YOUR INSTRUCTIONS: To complete this task, print all the data below exactly but leave out the images.

DATA EXCERPT:
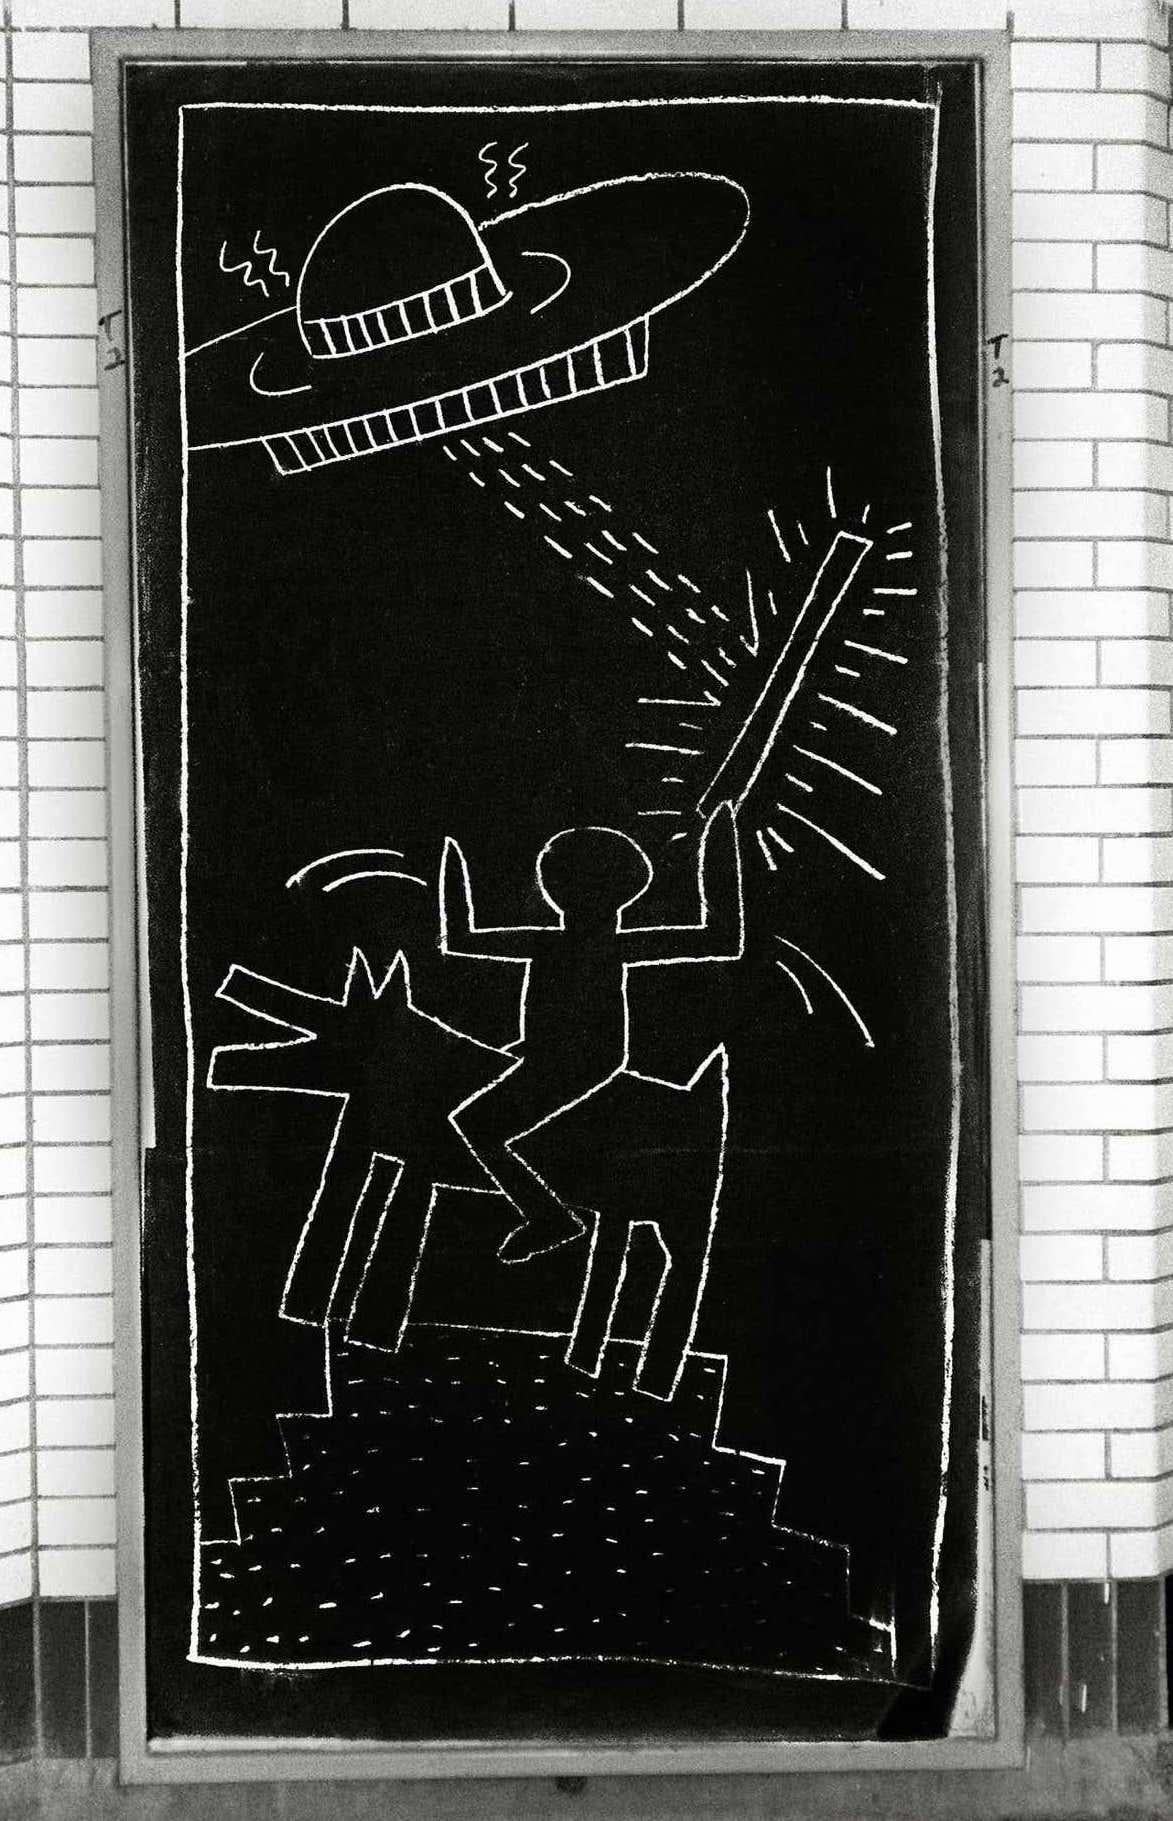 U-Bahn-Zeichnungen von Keith Haring Fotografie:
Dieses Foto hält Keith Harings epische Eroberung fest, bei der er in den frühen 80er Jahren öffentliche Kunst auf den Bahnsteigen der New Yorker U-Bahn schuf. Haring beabsichtigte, diese Zeichnungen
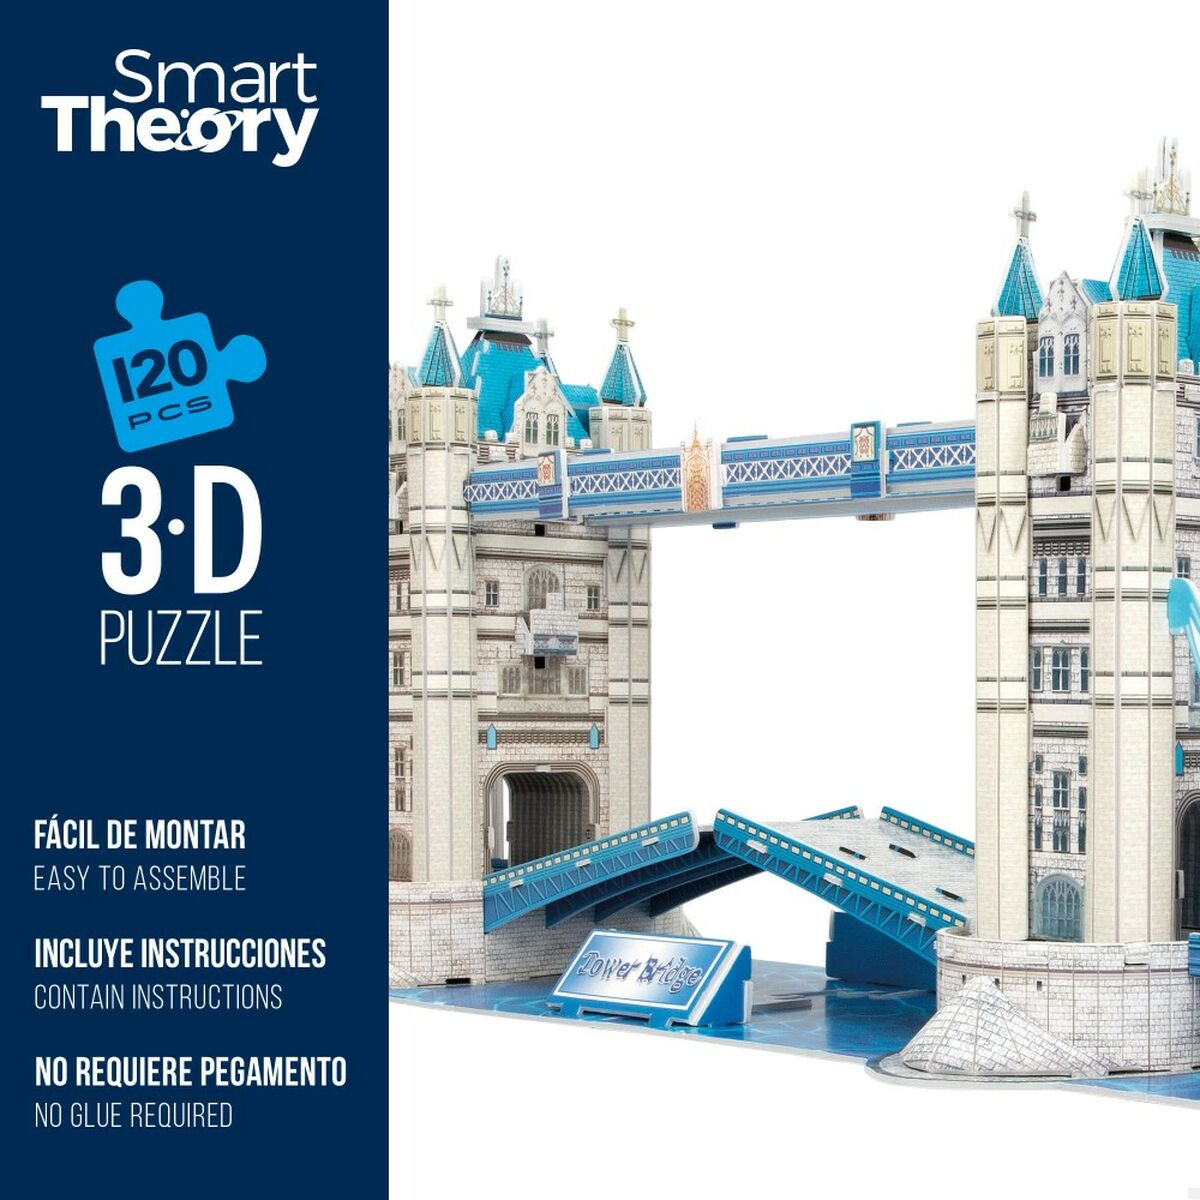 3D-pussel Colorbaby Tower Bridge 120 Delar 77,5 x 23 x 18 cm (6 antal)-Leksaker och spel, Pussel och hjärngrupper-Colorbaby-peaceofhome.se

ANSWER SECTION:
 U-Bahn-Zeichnungen von Keith Haring Fotografie:
Dieses Foto hält Keith Harings epische Eroberung fest, bei der er in den frühen 80er Jahren öffentliche Kunst auf den Bahnsteigen der New Yorker U-Bahn schuf. Haring beabsichtigte, diese Zeichnungen
 3D-pussel Colorbaby Tower Bridge 120 Delar 77,5 x 23 x 18 cm (6 antal)-Leksaker och spel, Pussel och hjärngrupper-Colorbaby-peaceofhome.se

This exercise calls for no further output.